Эйприл уверенно кивнула.
— Подумай. Ты ведь все еще не знаешь, кто нанял Морроу. А вдруг в конце концов окажется, что это все-таки я? Может, я стрелял в него, чтобы он не смог разоблачить меня.
Эйприл поморщилась.
— Послушай, прости меня. Просто я не знала, кому верить.
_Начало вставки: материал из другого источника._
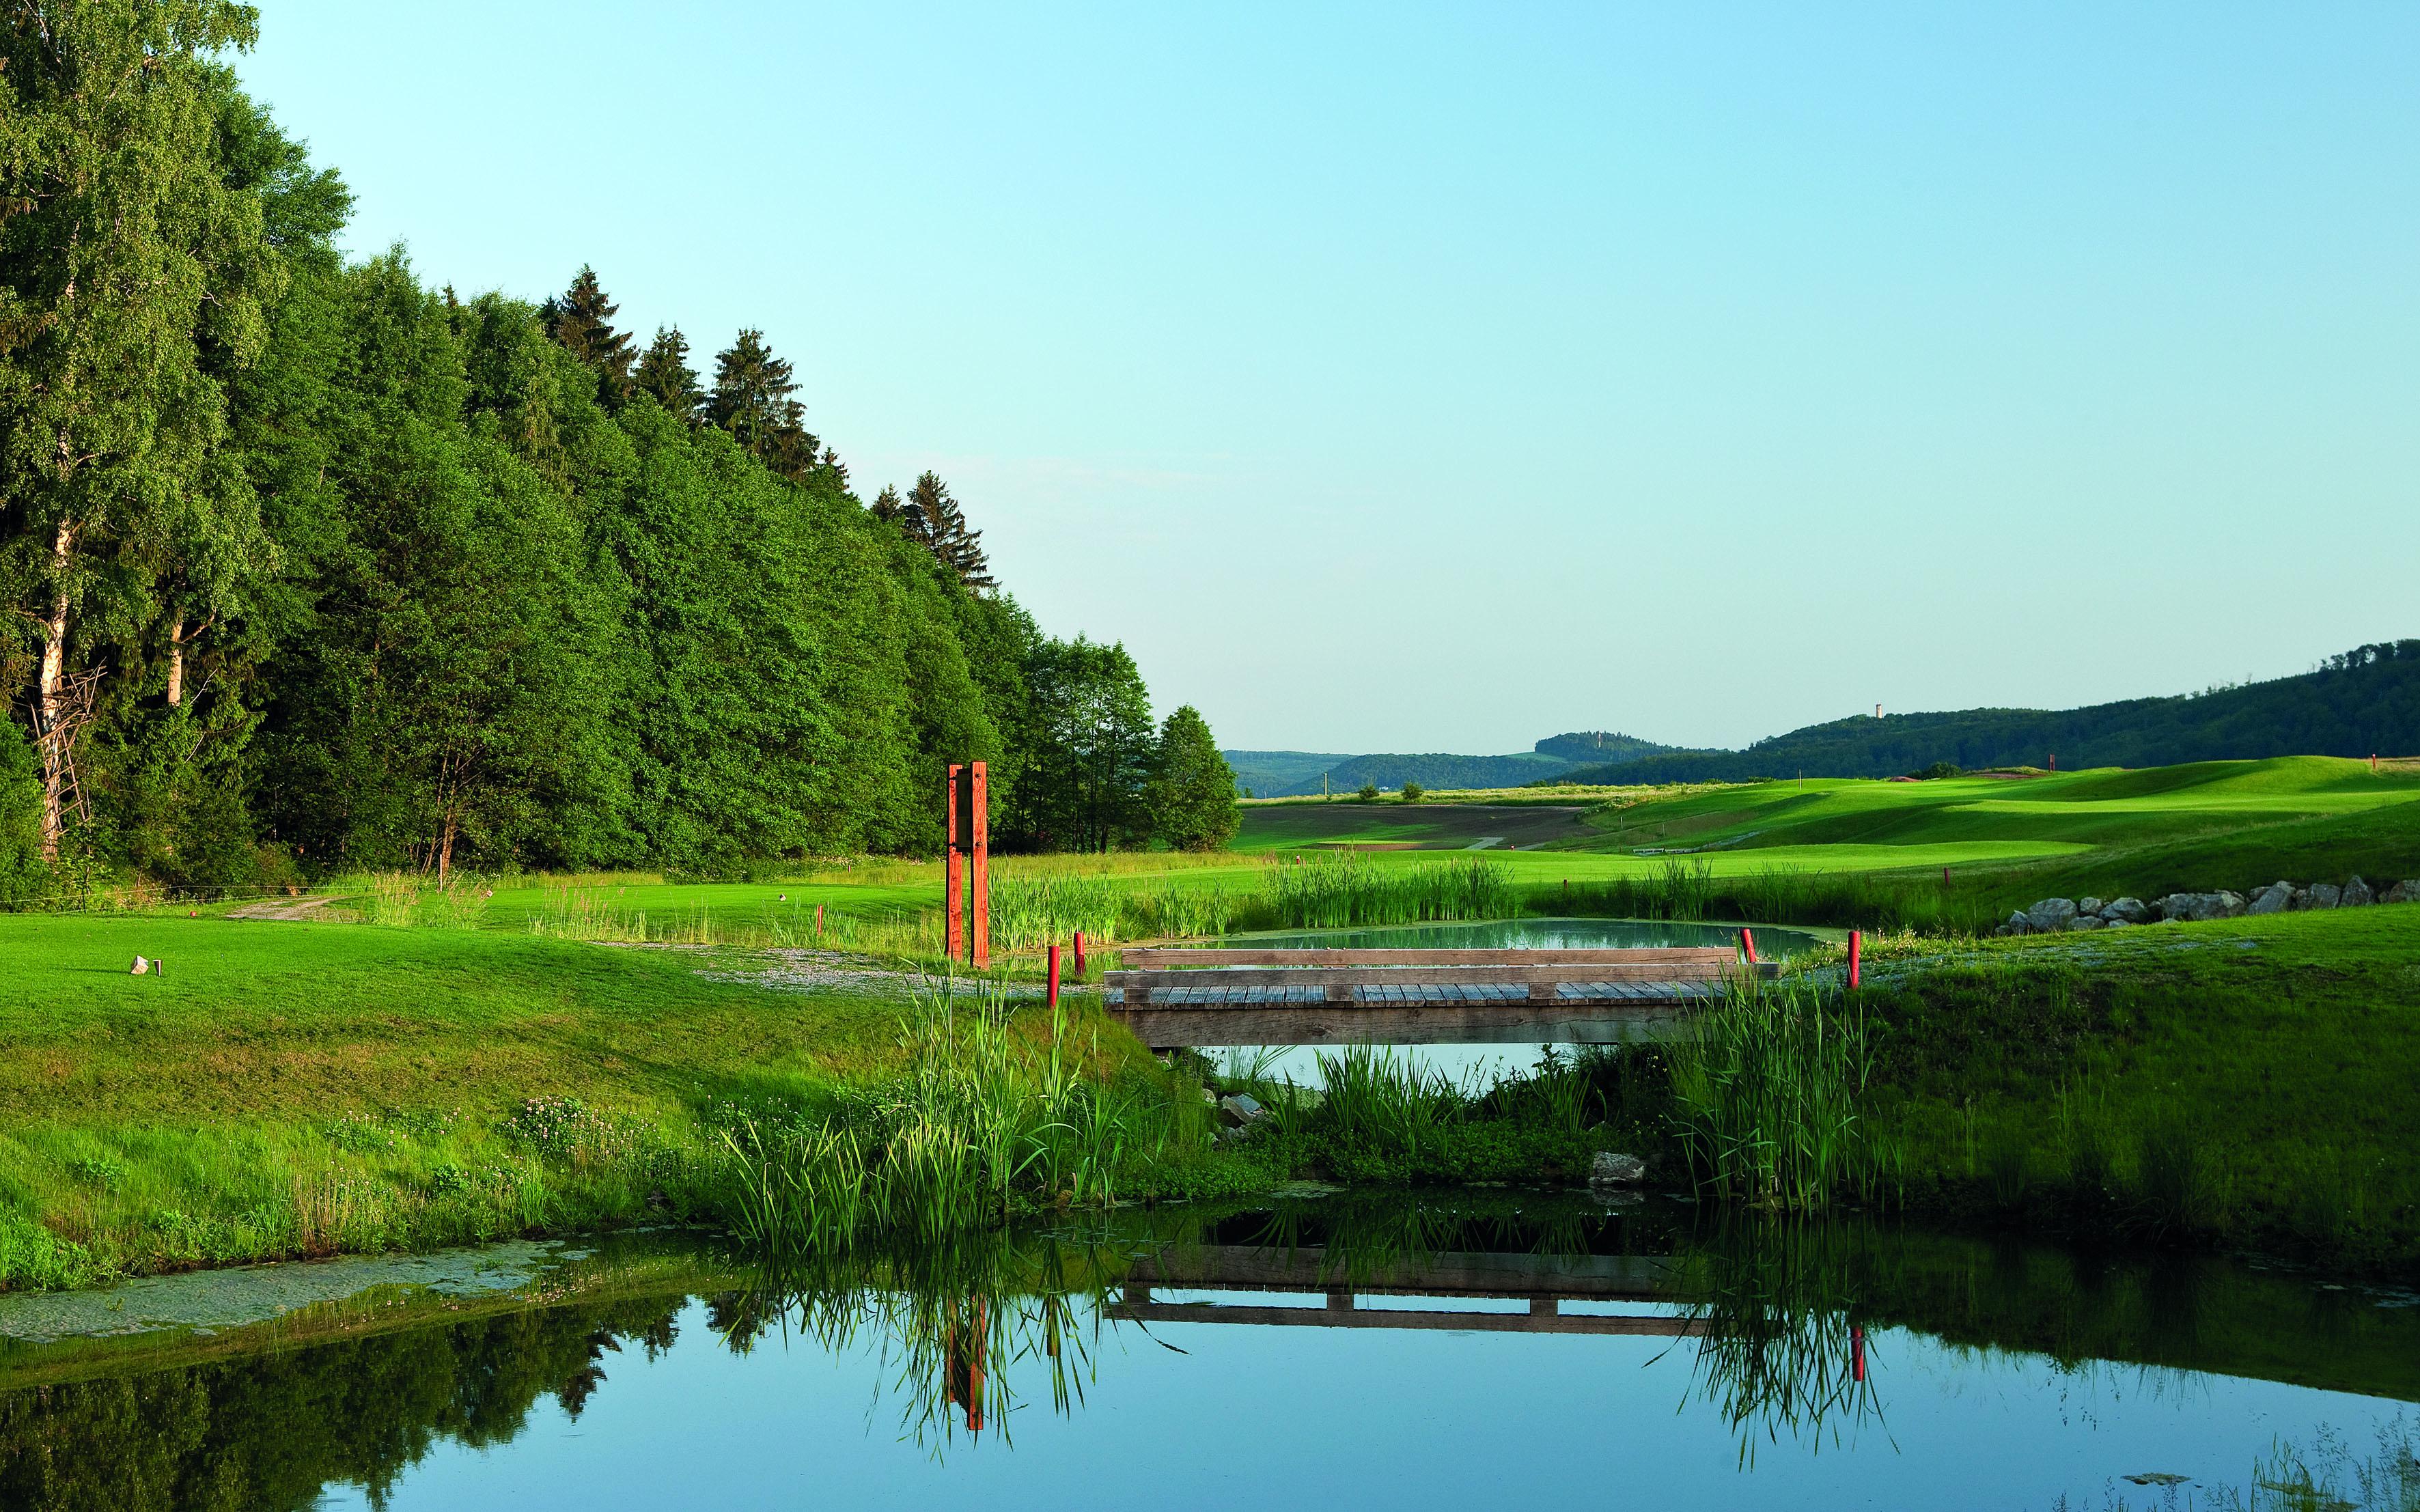 Overview of golf course named Spa & GolfResort Weimarer Land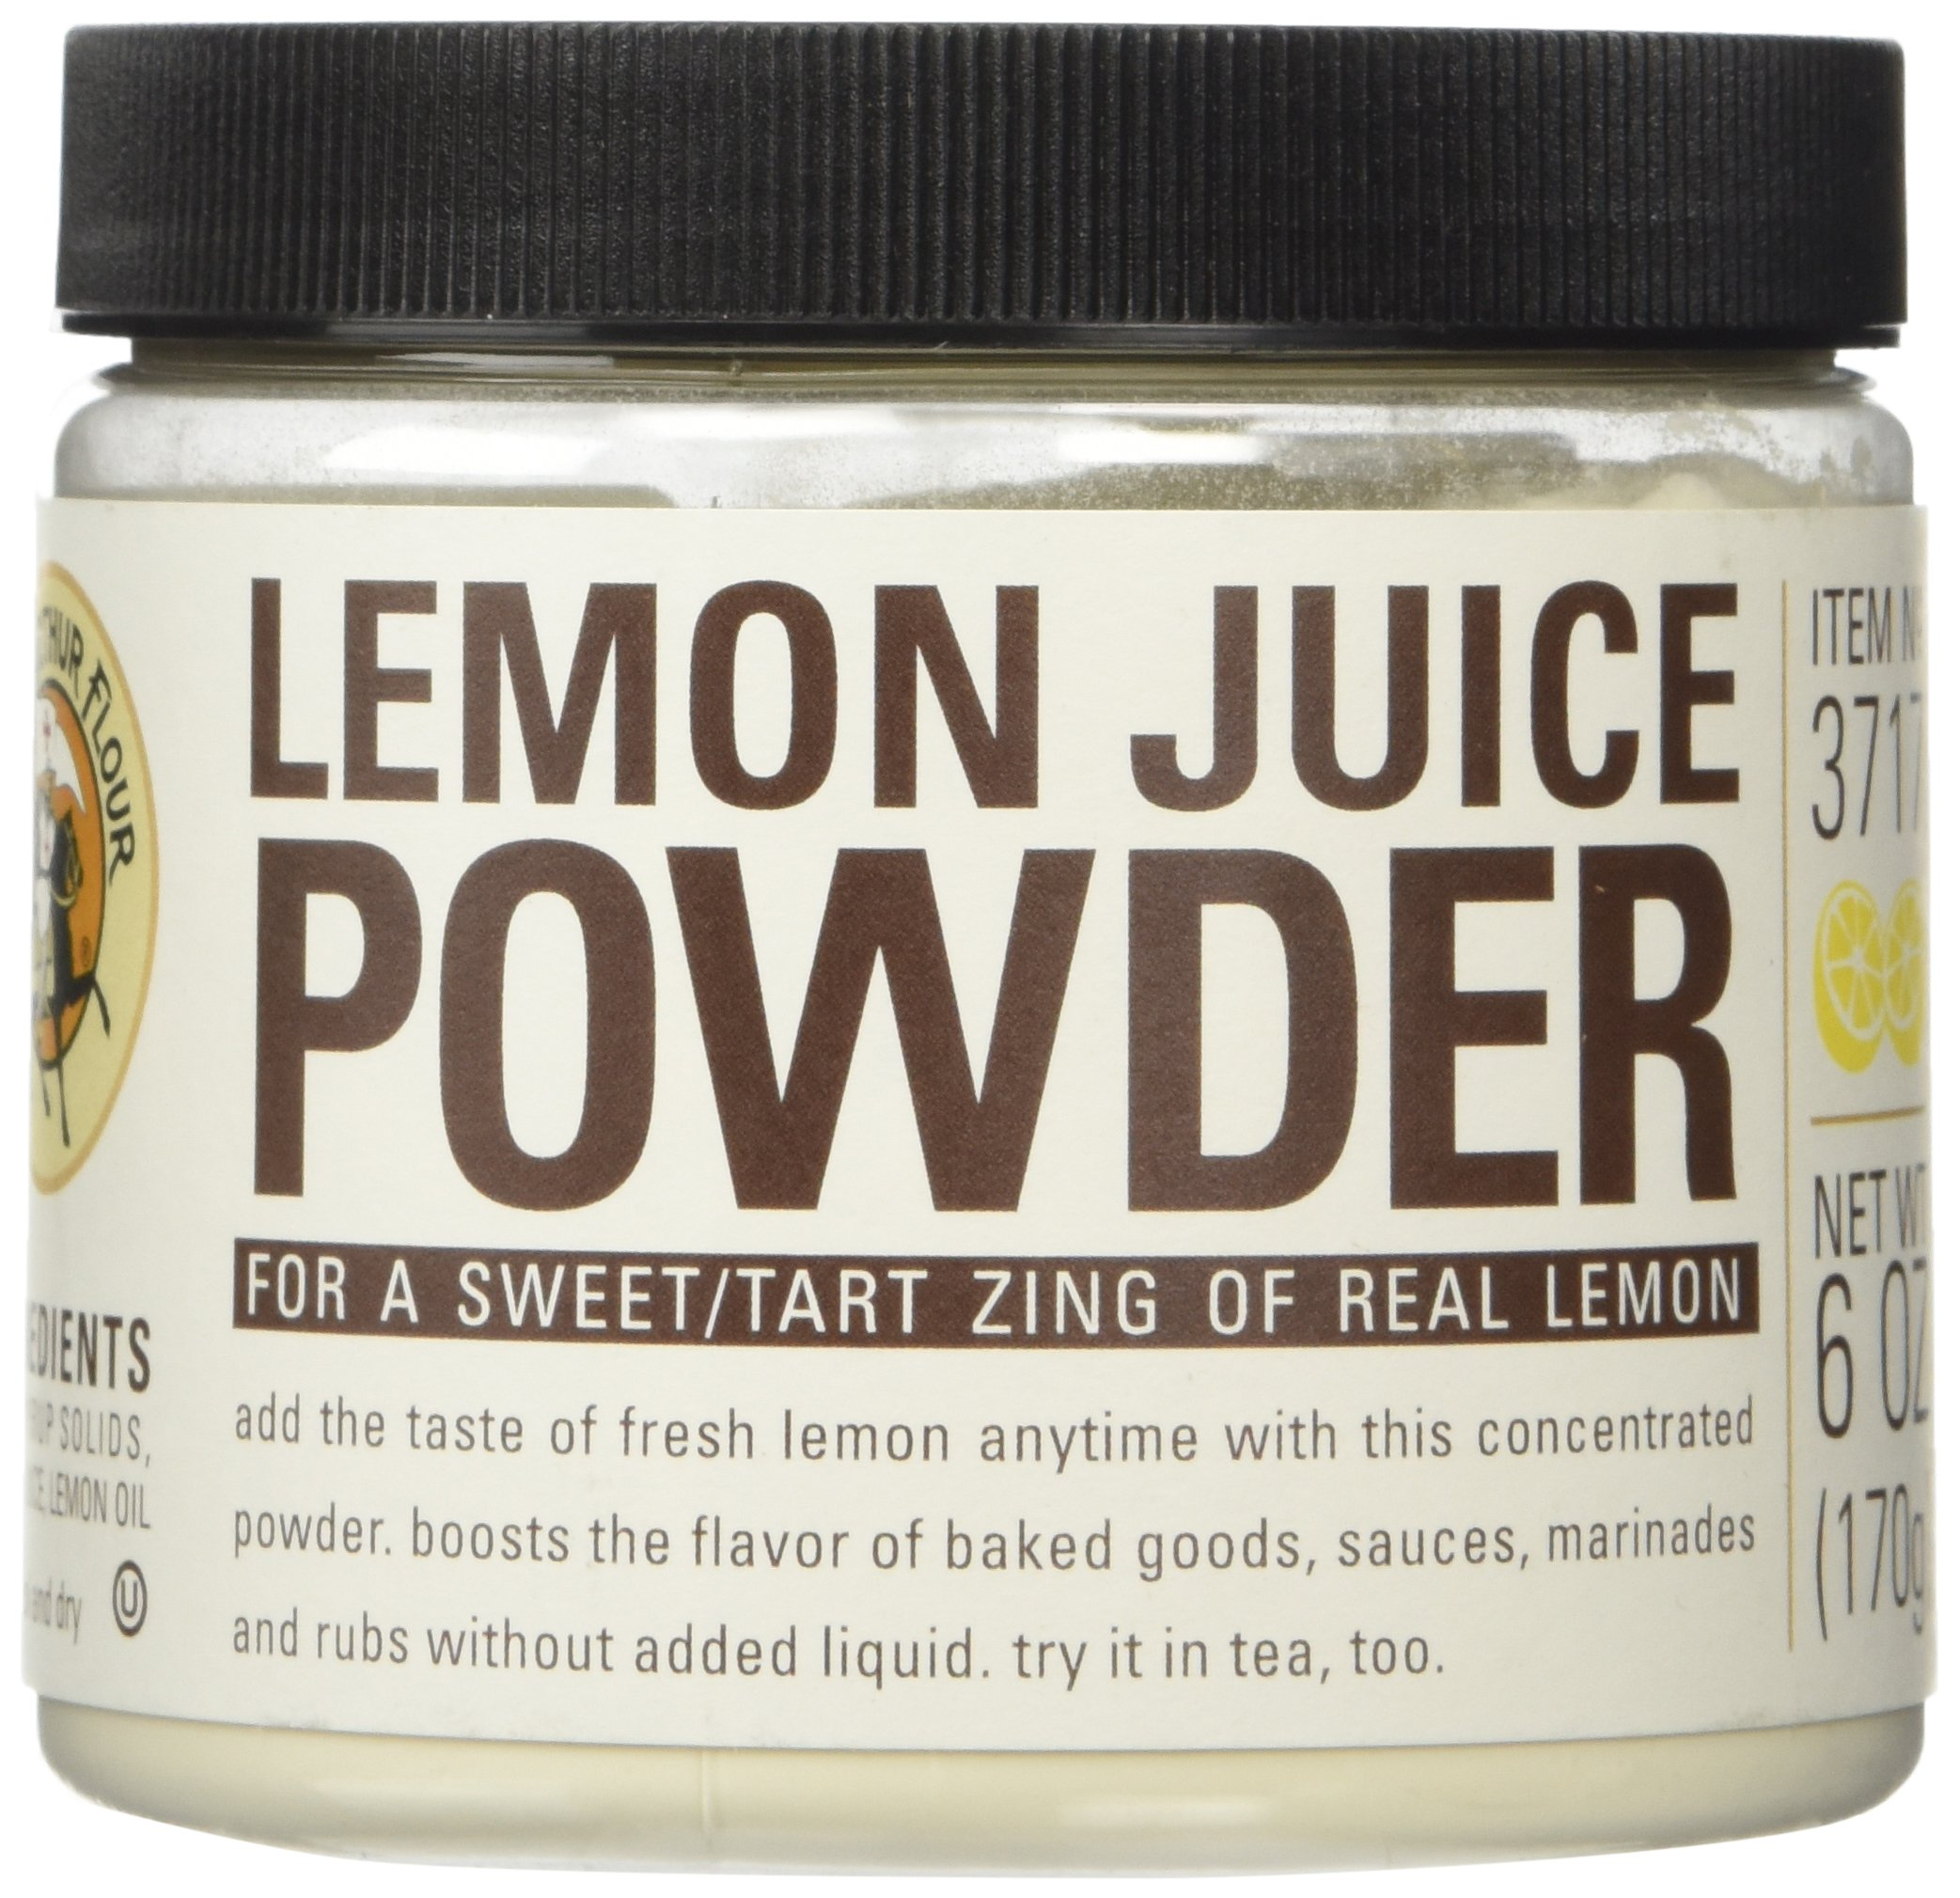 King Arthur Flour Lemon Juice Fruit Powder - 6 oz. by King Arthur Flour (Image #1)

Она уже рассказала Робу о газетной вырезке, которую ей показал Кристиан, и как это поколебало ее веру в Роба. Роб, в свою очередь, попытался объяснить, что в то время он был очень зол и огорчен смертью Джесси. Да, он написал письмо редактору, но это было в особенно тяжелый период его жизни, ему необходимо было найти крайнего, чтобы обвинить его в случившемся. Позже они с Риной стали друзьями.
— А ты все еще с трудом веришь.
— Так было, да. — Эйприл помолчала. — Но иногда мы сами должны сделать шаг навстречу вере. — Она дотронулась до руки Блэкторна. — Я верю тебе, Роб.
Он нежно поцеловал ее в губы.
— С тех пор как я с тобой, я ожил. А Джесси… что ж, думаю, я наконец могу смириться с ее смертью и отпустить ее. Я люблю тебя.
Эйприл почувствовала, как открылось ее сердце.
— Я тоже люблю тебя.
Файлы были на месте. Они были составлены по главам — «Моя жизнь-1», «Моя жизнь-2» и так далее. Но первый файл на дискете был озаглавлен просто — «Эйприл. Письмо».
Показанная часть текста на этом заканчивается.